For the best practice though, write your own songs in that bpm range you're practicing down picking in and include riffs that are all down picked. 
That way you get your own product out of it, that will probably sound killer... because it's all down picked, and you get your practice haha.


----------



## gnoll (Apr 11, 2016)

ZeroTolerance94 said:


> Through Eyes of Glass





I'd like to see someone downpick that, heh....


----------



## ZeroTolerance94 (Apr 11, 2016)

gnoll said:


> I'd like to see someone downpick that, heh....





If they can do it, so can you.


----------



## gnoll (Apr 12, 2016)

ZeroTolerance94 said:


> If they can do it, so can you.



But they don't?

Looking closely, it seems to me like Craig possibly plays d-d-u-d-d-u-d-d-u at times and alt picks the rest, while Glen seems to alt pick pretty much all I can see.

They're great players no doubt but I think downpicking at that speed is impossible.


----------



## j3ps3 (Apr 12, 2016)

I use this songs to warm up my picking hand. Lots of gallop picking and whenever it's possible, I use downstrokes.
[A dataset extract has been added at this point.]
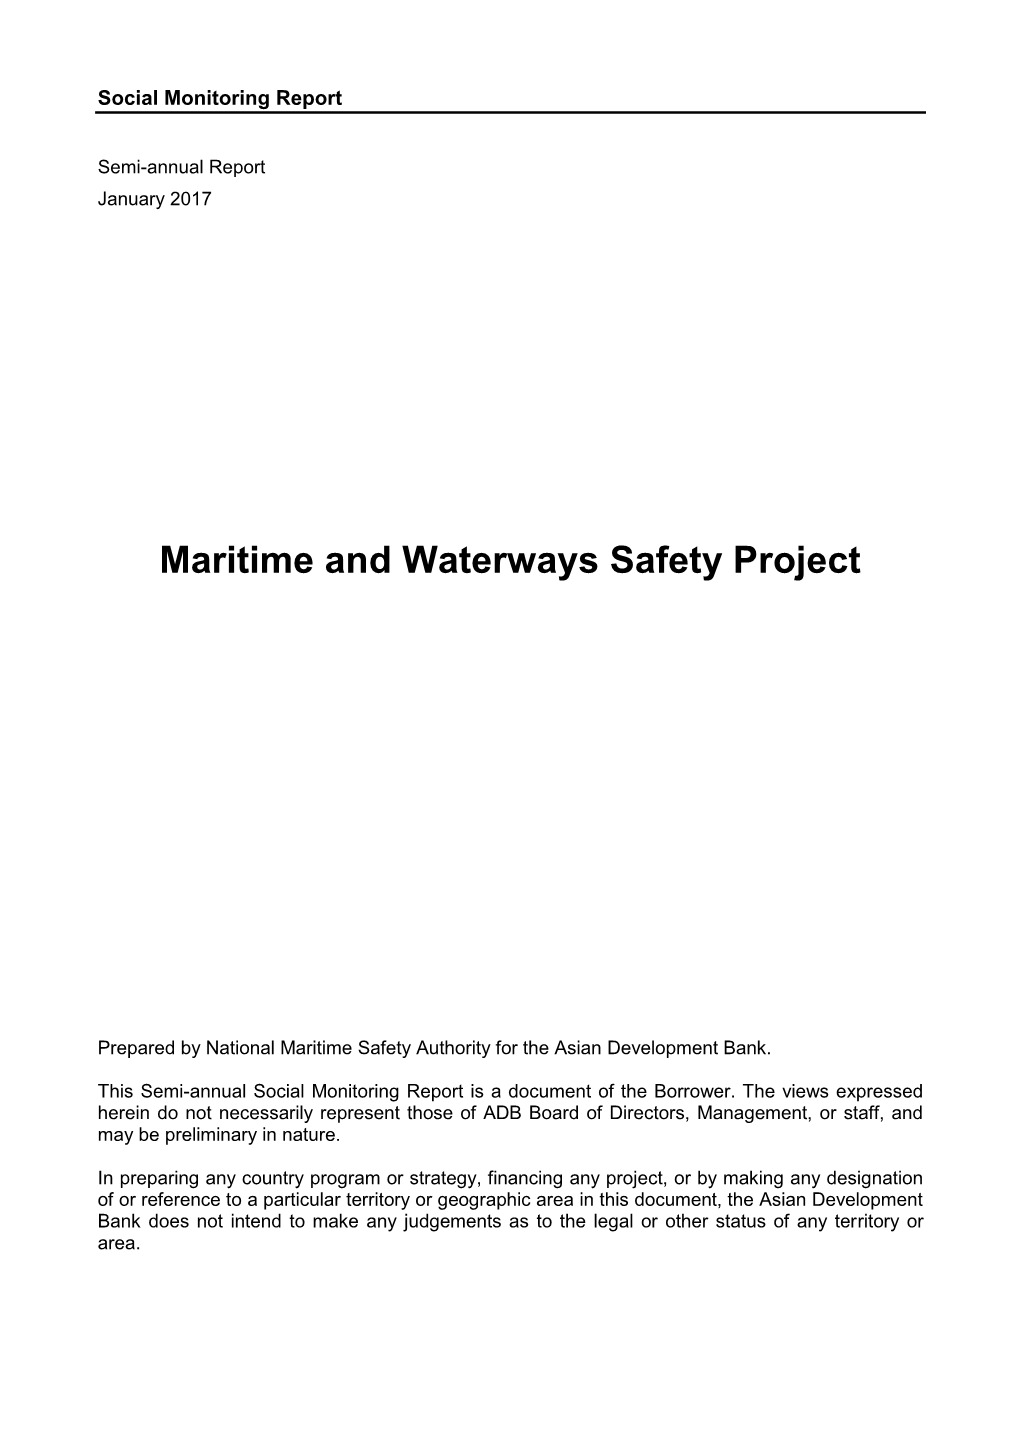 Maritime and Waterways Safety Project
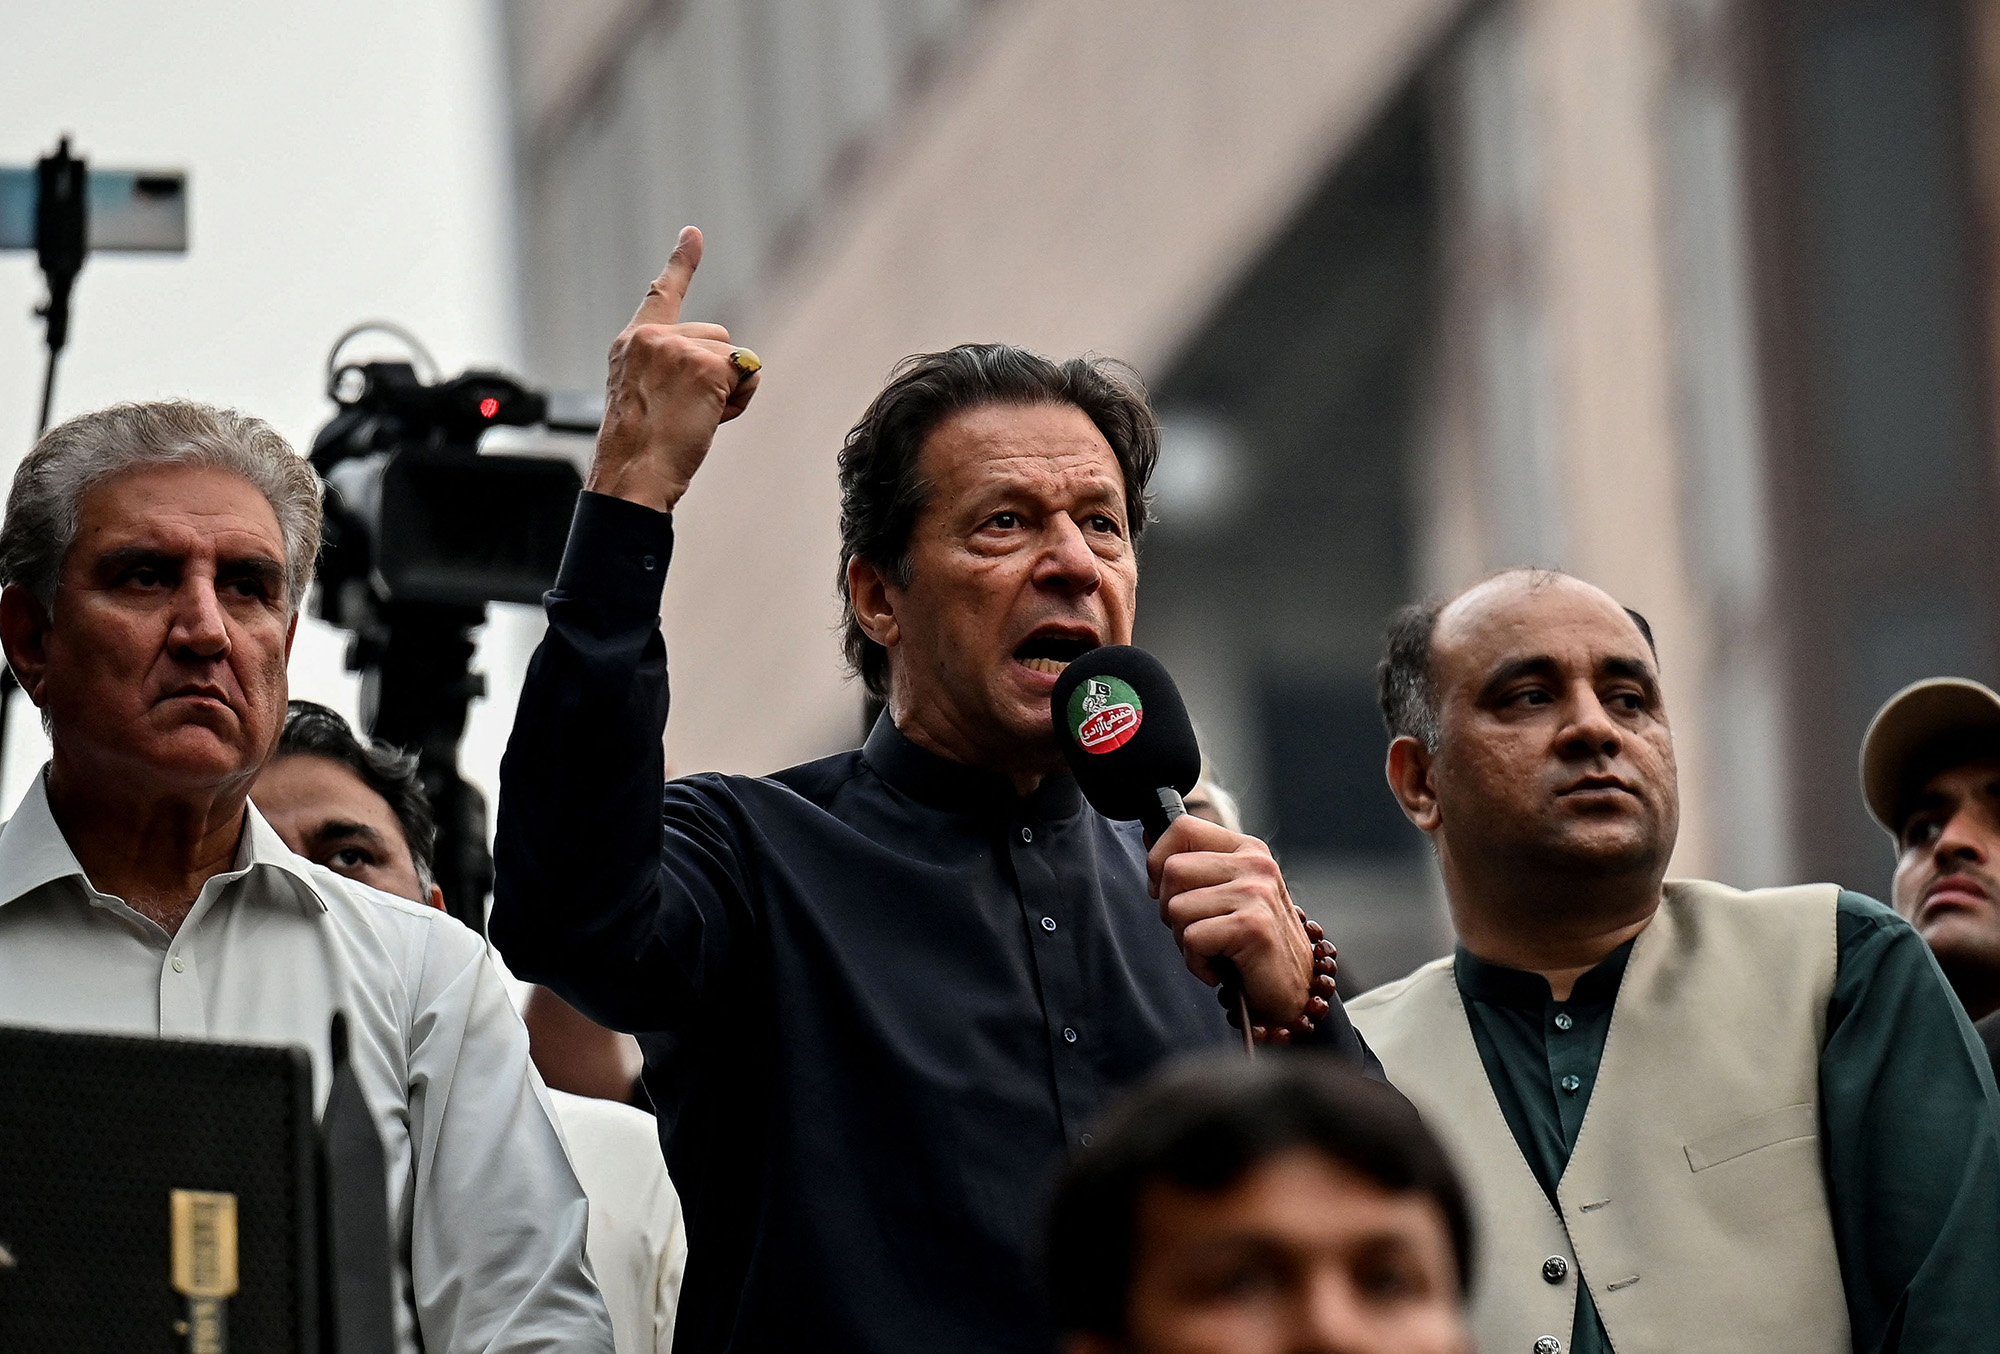 Lobna Khansex - Imran Khan Latest Updates: Khan Shot at a Rally, in Stable Condition -  Bloomberg

It took me a couple of years to get this one right, but it was a great way to practice downstrokes.


----------



## Rizzo (Apr 12, 2016)

^^^
That's a tight picking hand!
What tuning is the song you played in?

Btw, Medeia is the band in which the youtuber and vocalist "Finowa" is in, right?


----------



## pkgitar (Apr 12, 2016)

Not thrash, but it seems well covered already.


----------



## Rizzo (Apr 12, 2016)

The fun thing is Browne himself said about his technique "I just learnt the entire Metallica discography and forced myself to always downpick".
So yeah...full circle


----------



## j3ps3 (Apr 13, 2016)

Rizzo said:


> ^^^
> That's a tight picking hand!
> What tuning is the song you played in?



Ceremonial is in C standard. The one I played, The Unseen, is in Bb standard.



Rizzo said:


> Btw, Medeia is the band in which the youtuber and vocalist "Finowa" is in, right?



Yeah, same band


----------



## ryane24 (Apr 27, 2016)

Any of you ever play Back Burner by August Burns Red? I learned that song years ago and still can only get all the way through it like 1 out of every 10 times I play it because of the down picking parts. I looked on youtube and people alternate pick everything, I don't know how they do that...


----------



## Mathemagician (Apr 27, 2016)

I want to learn a song completely down picked just to say I can. But then I go "naaaahh".


----------



## ftr (Apr 29, 2016)

Downpicking and clean tight rhythm playing is something that always interested me and is something i have always practiced a lot. I thought by now i would be able to play a lot of the songs downpicking full speed by now. i have been playing close to 8 years and have been working really hard on my rhythm for pretty much 5 years. i always find myself going ''alright, a year from now i should be able to play this full speed''. This does happen with some songs, but the songs that are downpicked i have trouble playing comfortably at full speed. for example, master of puppets and creeping death, i have been practicing those for a year now with the goal of being able to play them full speed down picking but i am still stuck at 90%. maybe i am at a plateau because of the way i hold my pick? i kind of stopped practicing down picking to focus on tremolo picking which i found i couldn't play some parts full speed well i.e. parts of death songs, emperor, but i have improved that aspect of my rhythm playing. and i i took a break from rhythm to focus on my lead. i thought taking a break and focusing on my lead would give some time for my rhythm playing muscle memory to improve but it didn't improve much. I am focusing back on my rhythm playing. practicing how i have always practiced, by playing clean as .... at a comfortable and increasing the speed slowly.


----------